Stage 3: The rise of staking/restaking
Compared with the first two directions, the Staking/Restaking route appears more solid because it does not conflict with the “electronic gold” narrative, and is even a perfect complement – releasing the liquidity of gold while turning gold into onePlant an interest-generating asset!
At this stage, the most important project is undoubtedly Babylon.Unlike ETH that naturally has POS benefits, BTC does not have a similar mechanism, and in the presence of Lido, EigenLayer’s Restaking narrative is more like a booster or icing on the cake for ETH.However, Babylon is a timely help for BTC. It re-polizes through the method of minimizing trust, generating returns, making BTC no longer an interest-free “gold”.

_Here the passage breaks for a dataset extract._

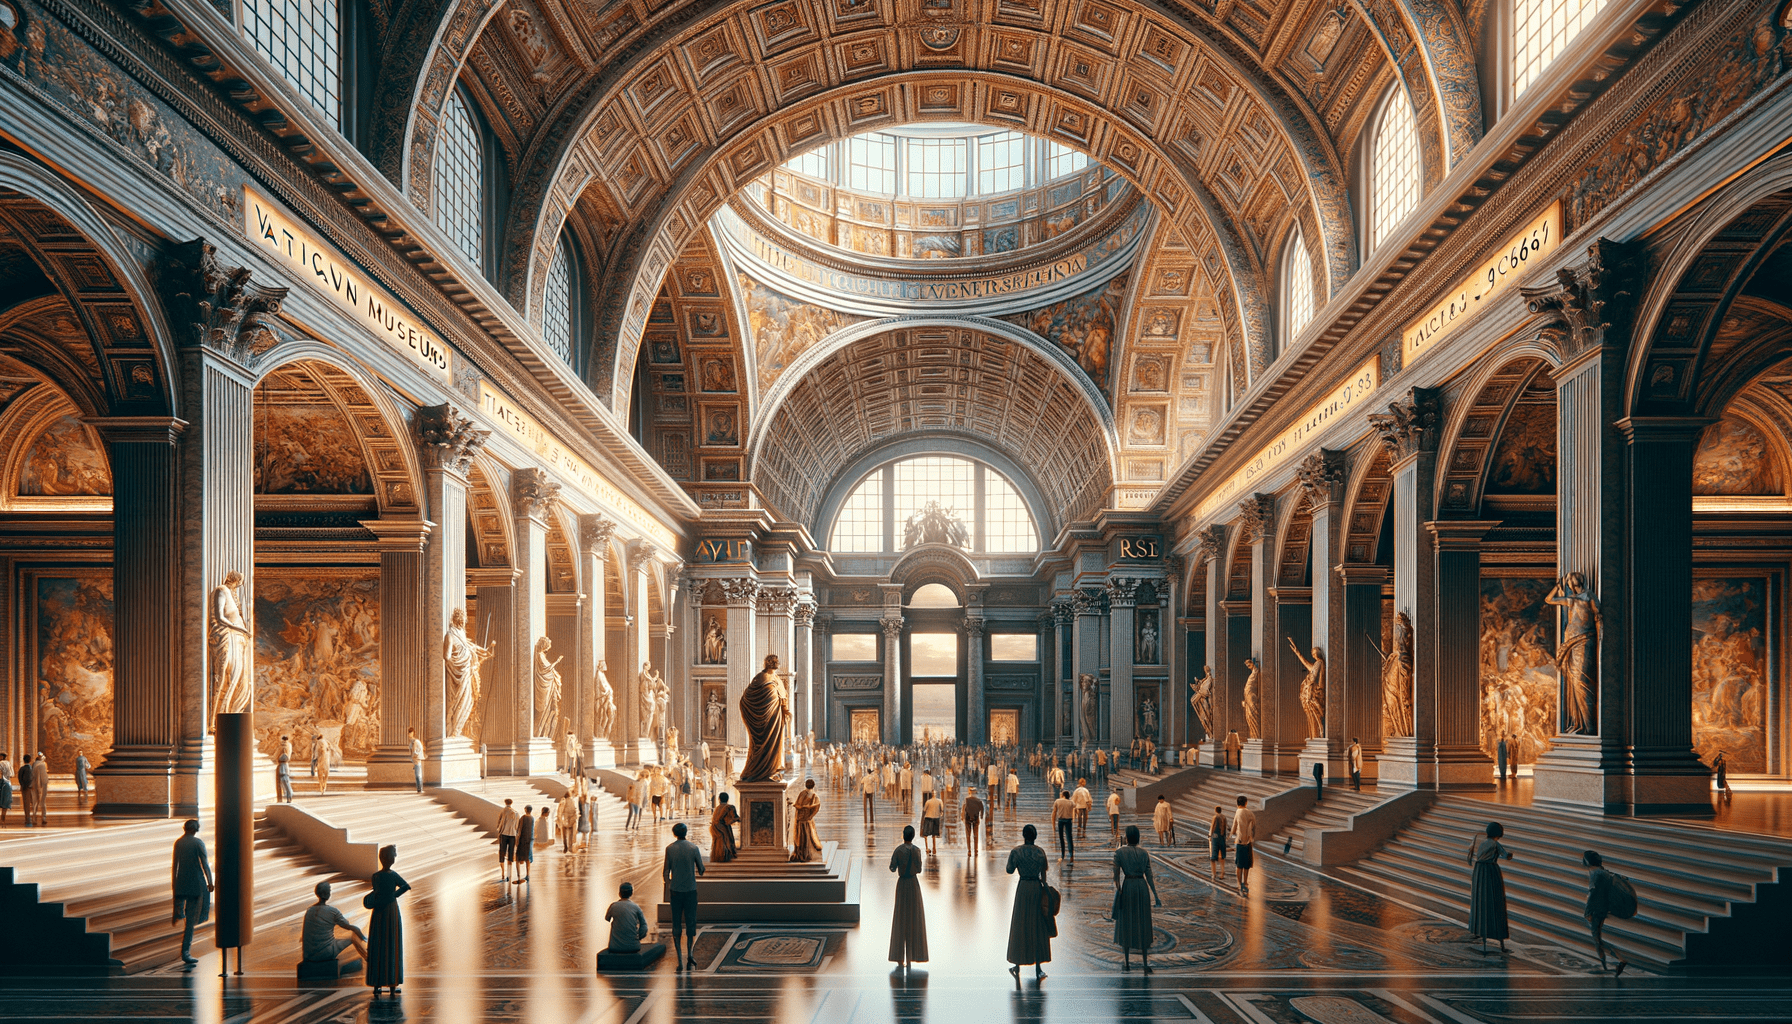 Scopri tutto sui Musei Vaticani: Storia, Opere, Biglietti, indirizzo e orari

In addition, two projects worth mentioning are Solv and DLC.Link.The former provides interest and liquidity for BTC through Cefi+Defi, while the latter uses DLC technology to cast dlcBTC. In the context of WBTC’s trust crisis, it provides a decentralized and secure version that allows BTC to participate.Defi ecosystem on chains such as ETH, Solana.

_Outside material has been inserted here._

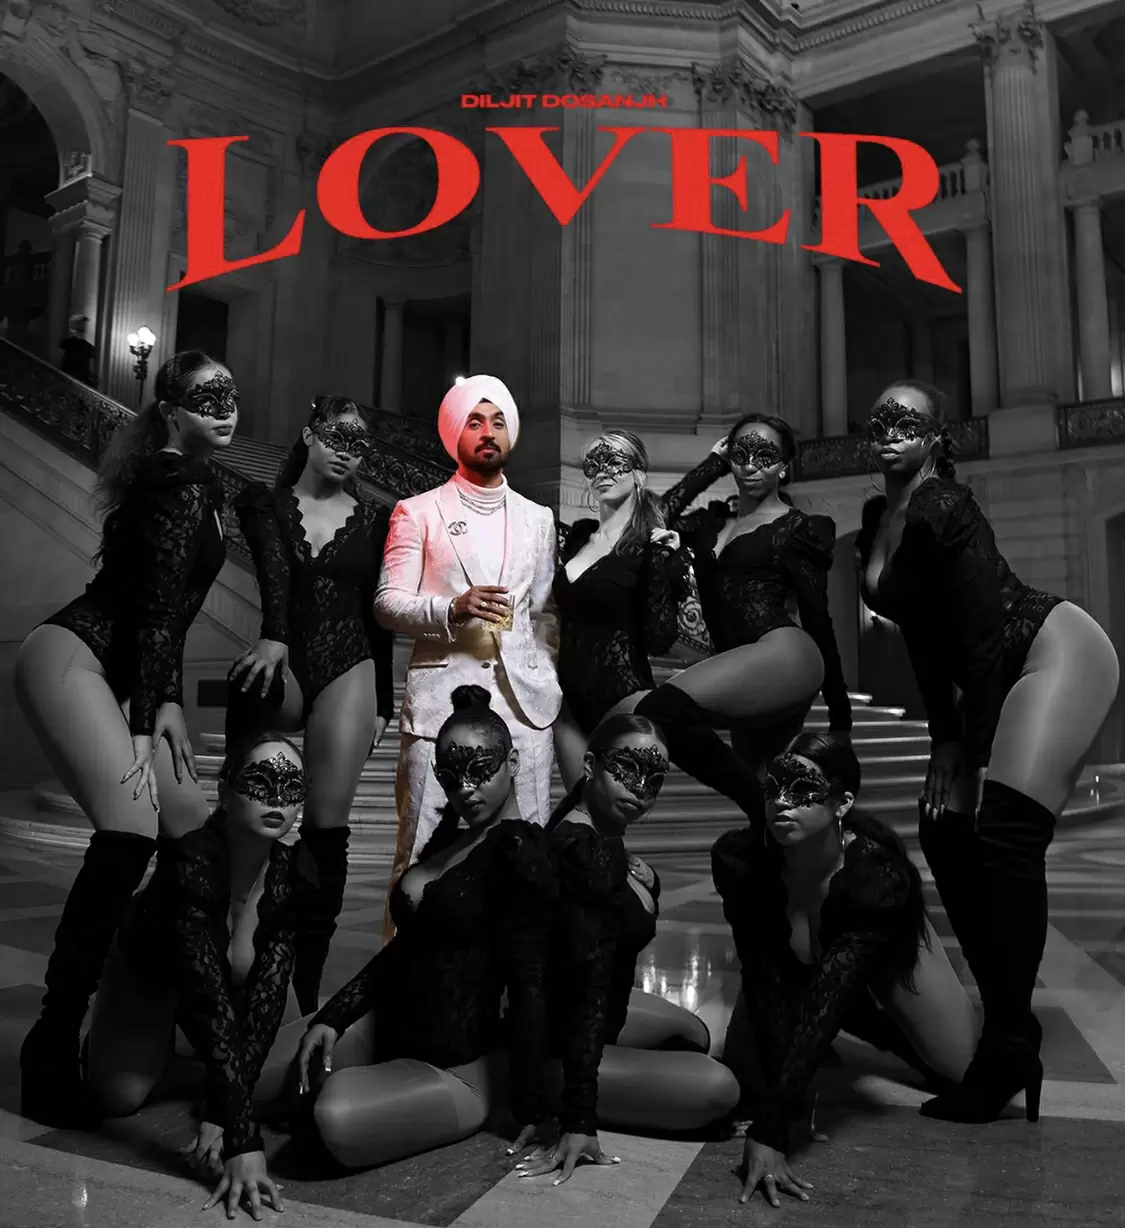 Lover Diljit Dosanjh Mp3 Download Song - Mr-Punjab

Back to Babylon and Lorenzo
Babylon is undoubtedly targeting the EigenLayer niche, and the niche at the asset entrance is also crucial.In terms of EigenLayer, there are projects such as Etherfi, Renzo, and Puffer, while in Babylon, there are several competitions for Solv, Lombard and Lorenzo.

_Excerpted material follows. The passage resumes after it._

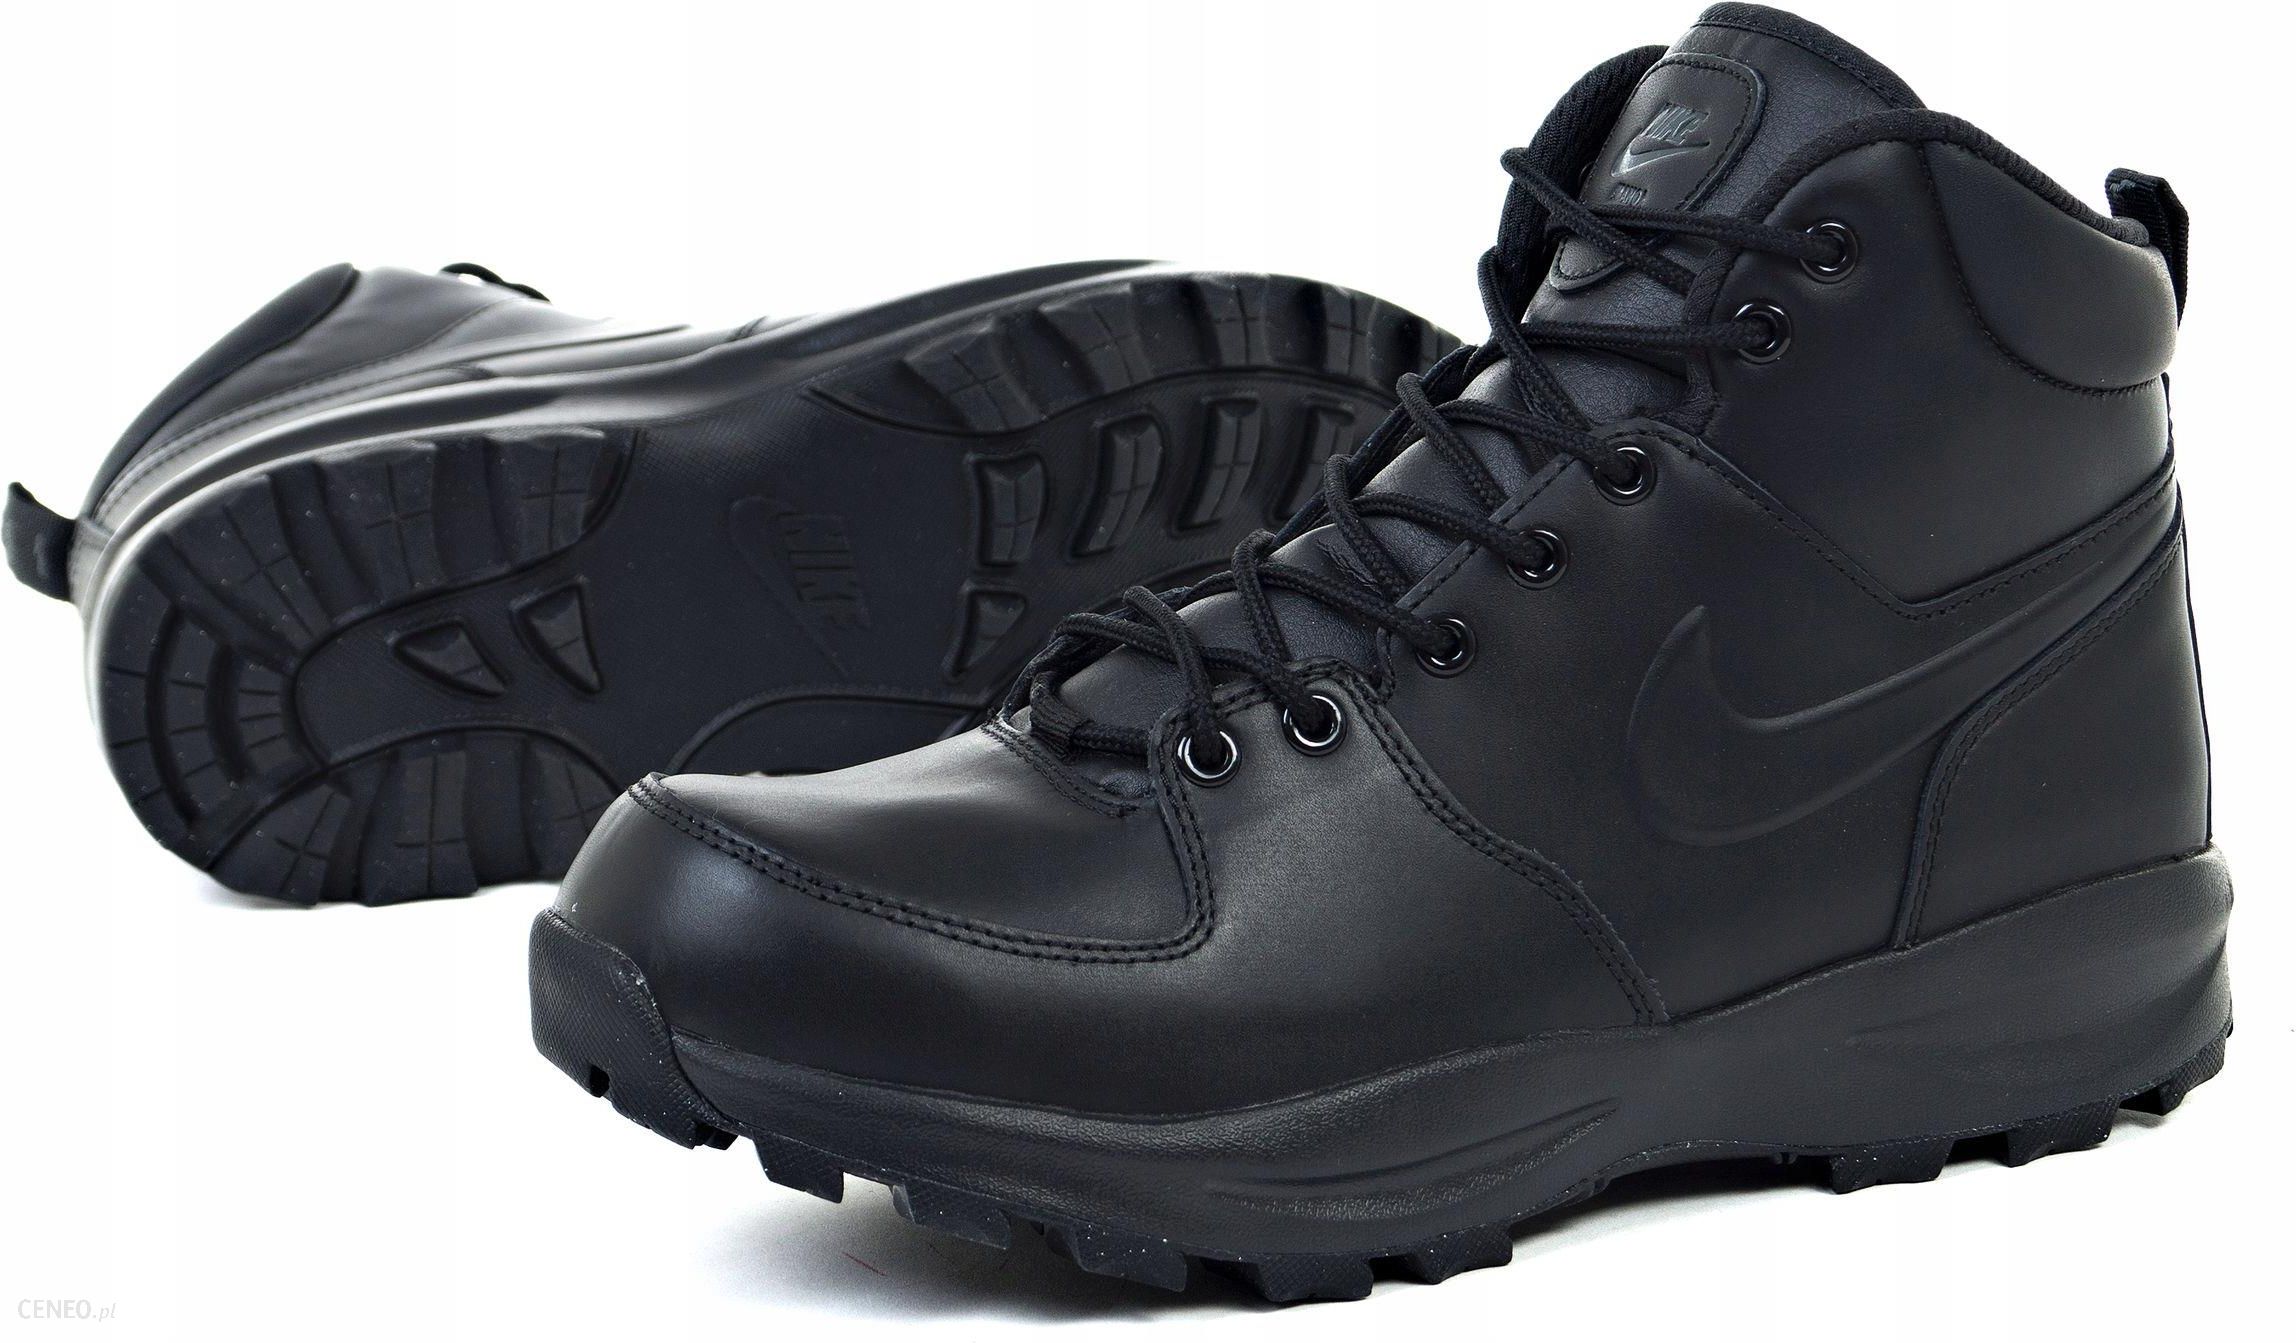 Buty Nike Leather 454350-003 Czarne R. - Ceny i opinie - Ceneo.pl

The differentiation between each company is more significant than EigenLayer’s LRT project.For example, Solv not only has profits on Babylon, but also has multiple cooperative benefits on Cefi and Defi.Lombard has an advantage in capital and resources. Its LBTC issuance uses CubeSigner (a professional unmanaged key management platform) and Consortium (a consortium-like chain network composed of industry leaders nodes) to achieve a balance between security and flexibility..Lorenzo integrates Pendle’s principal and interest separation function, provides two liquid staking tokens with stBTC and YAT, and provides users with a dual incentive system.Currently, Lorenzo’s total limit is 250BTC, and there are dozens of BTC capacity, which are expected to be full soon, first come first served.
Conclusion
Compared with the BTC chain assets and expansion directions, the interest generation/liquidity release of BTC is a more practical and promising direction.The clues can be seen from Binance’s layout in this direction, especially the investment in asset entrances.Among the projects mentioned above, Renzo, Puffer, Babylon, Solv and Lorenzo all have investments in Binance.Therefore, this track deserves our high attention!